Thursday, August 26, 2004

Competing health insurer
receives state approval

The state Insurance Commission has approved the group rate plans of Summerlin Life & Health Insurance Co., the newest entrant into Hawaii's medical insurance market.

J.D. Dyer, Summerlin's chairman, said the Las Vegas-based company's products will allow customers "open and direct access to providers and the freedom to go directly to any physician, hospital or health care professional for covered services."

All plans will feature coverage for routine preventive care, specialty care, hospitalization, surgery, diagnostic testing, emergency care and prescription drug coverage. Dental and vision riders will also be offered.

The three plans approved by the state include one in which patients pay 20 percent of all costs up to $2,500 a person or $7,500 a family. A second plan sets a $15 co-pay with a ceiling of $2,500 a person per year, or $6,000 a family.

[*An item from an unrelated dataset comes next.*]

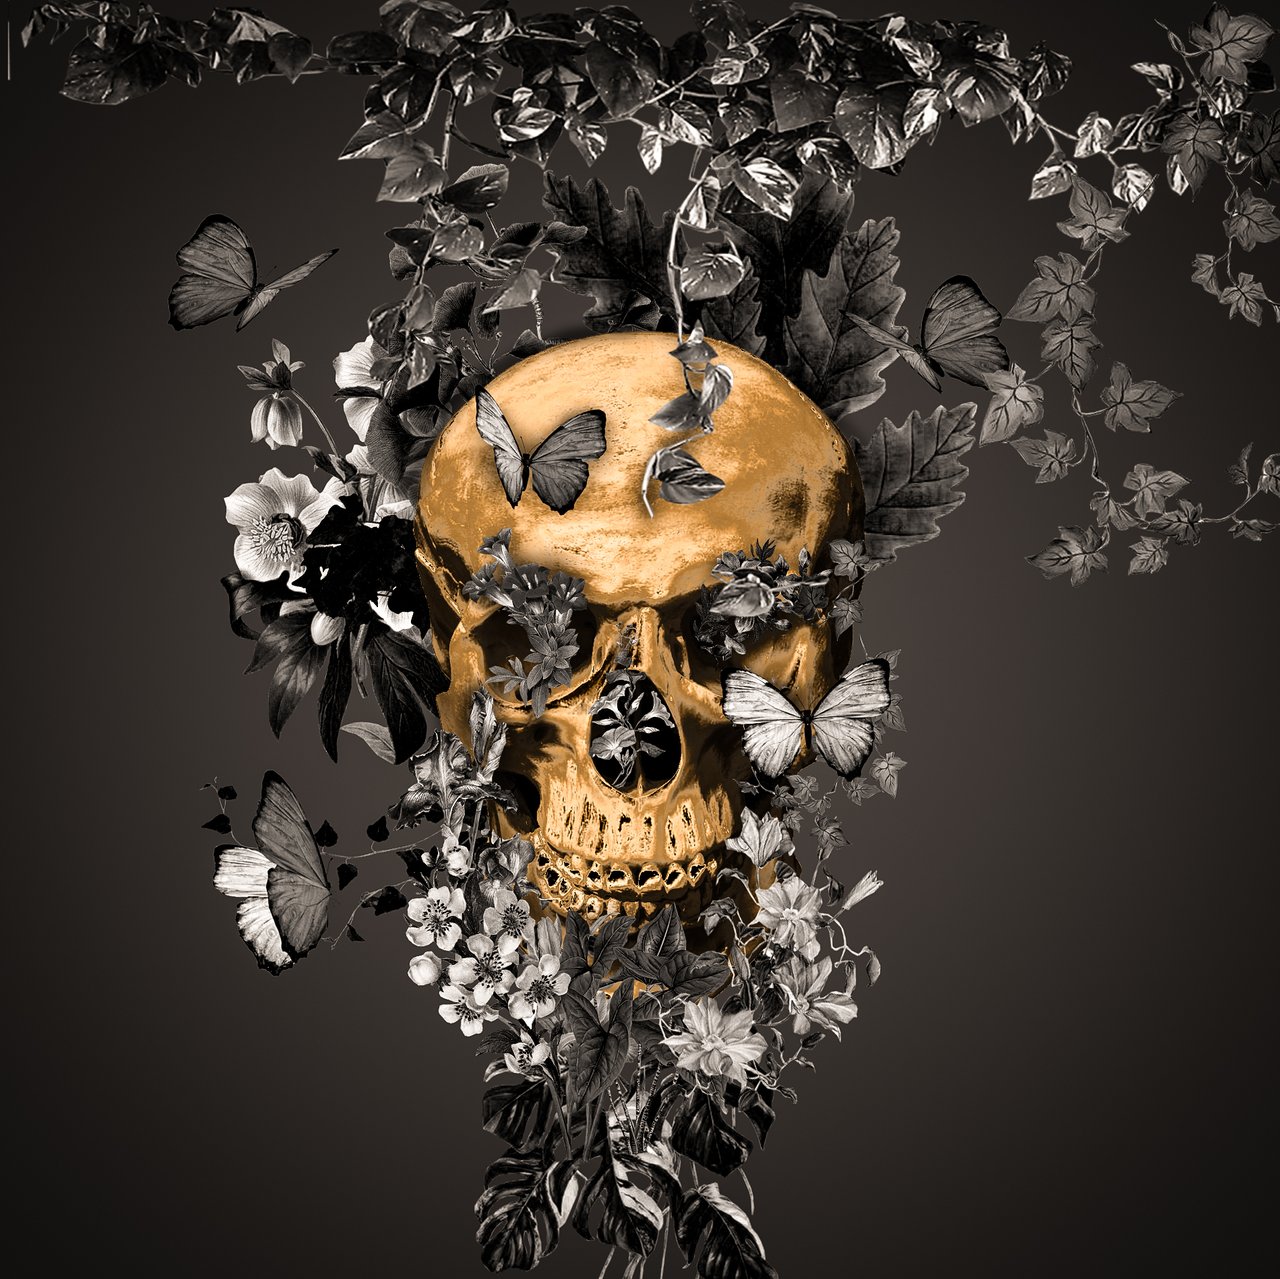 Skull Made Of Gold by slowaiart on DeviantArt

Its preferred-provider plan requires patients to shoulder 20 percent of health care costs incurred by using doctors and services within the company's preferred-provider network, or pay more for services outside the network.

Bill Donahue, executive director of the Hawaii Independent Physicians Association, said Summerlin's entry in Hawaii's market could help make medical insurance rates more competitive.

"Clearly, any competition is good," he said. But Donahue added that the impact will be muted unless Summerlin shows a willingness to work with physicians to limit "duplicative" testing and other care, which increases administrative costs and, ultimately, health care costs.